If you are one of the millions of people who eats dinner with one eye on your food and the other on your phone, then you know what I’m talking about. Creditors can be nasty!
They call and call with no purpose but to harass you into making a payment. Their calls are constant and consistent, like a machine. They seem to call at the most inopportune times. The calls are embarrassing. You may avoid inviting company to your home for fear of having to explain the constantly ringing telephone. It may cause you to start arguing with your spouse. It’s amazing how one financial misstep can impact your life for years.
To understand what to do, it is best to first learn what is actually happening. Apparently, at some time in the past you borrowed money or accepted some sort of service without paying.
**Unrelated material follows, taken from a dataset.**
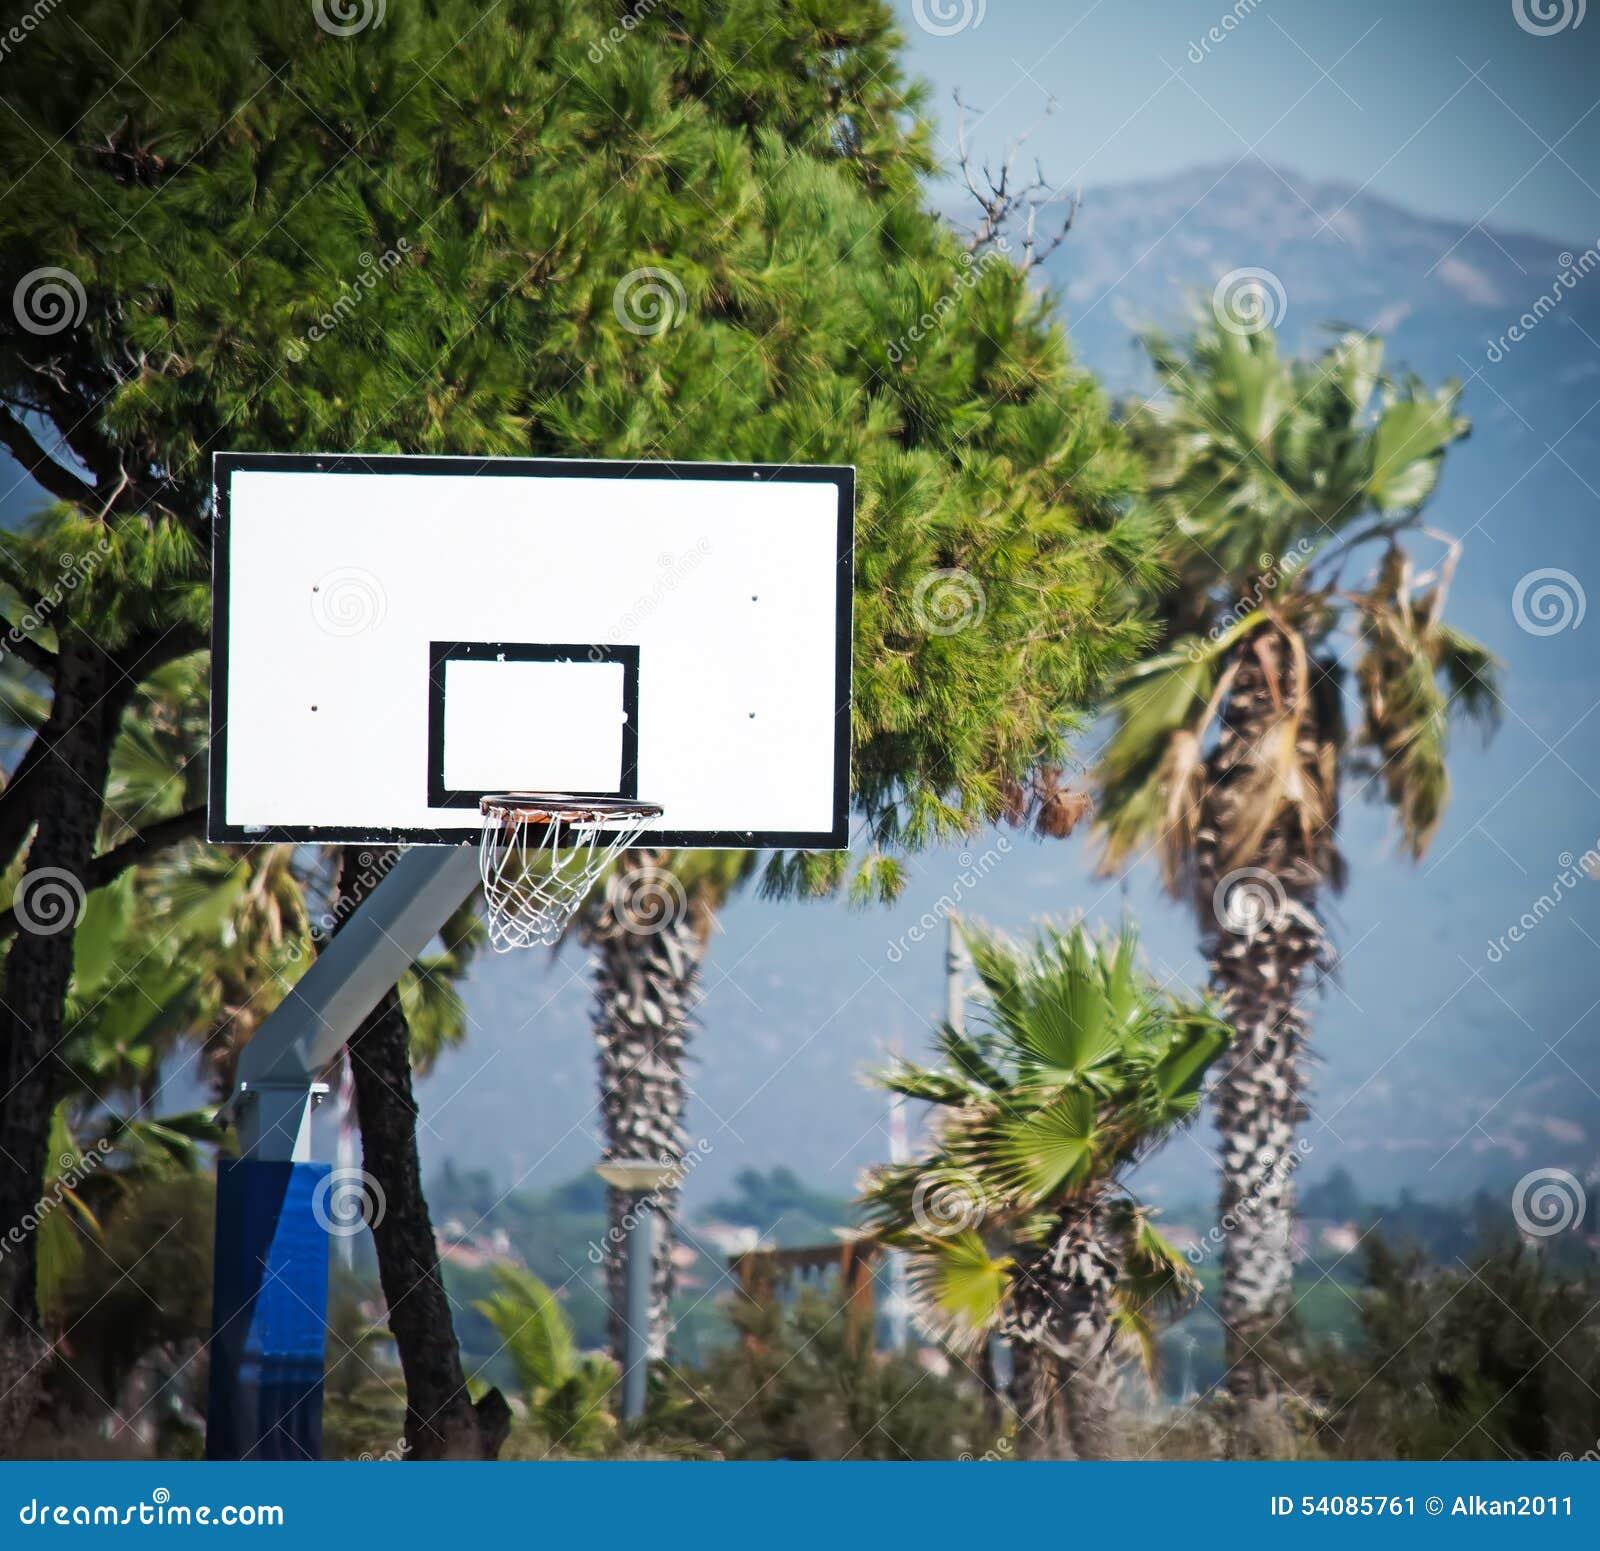 Basketbalhoepel in een groen park

It may have been a credit card, car loan, student loan, store credit, or even a mortgage. It might be a utility bill or cell phone you did not pay. Maybe it wasn’t yours, but is the mistake of the creditor. In any case, they believe without a doubt that you owe them some amount of money.
The original creditor that extended the credit or service to you is primarily in the business of extending credit or performing that specific service. Let’s say it’s a phone bill to make it easier to explain. The phone company is in the business of providing phone service to its subscribers. That’s what they do on a daily basis. If they think you owe them, they will mail you a bill and hope that you pay it. If you don’t, they will begin “collection efforts.”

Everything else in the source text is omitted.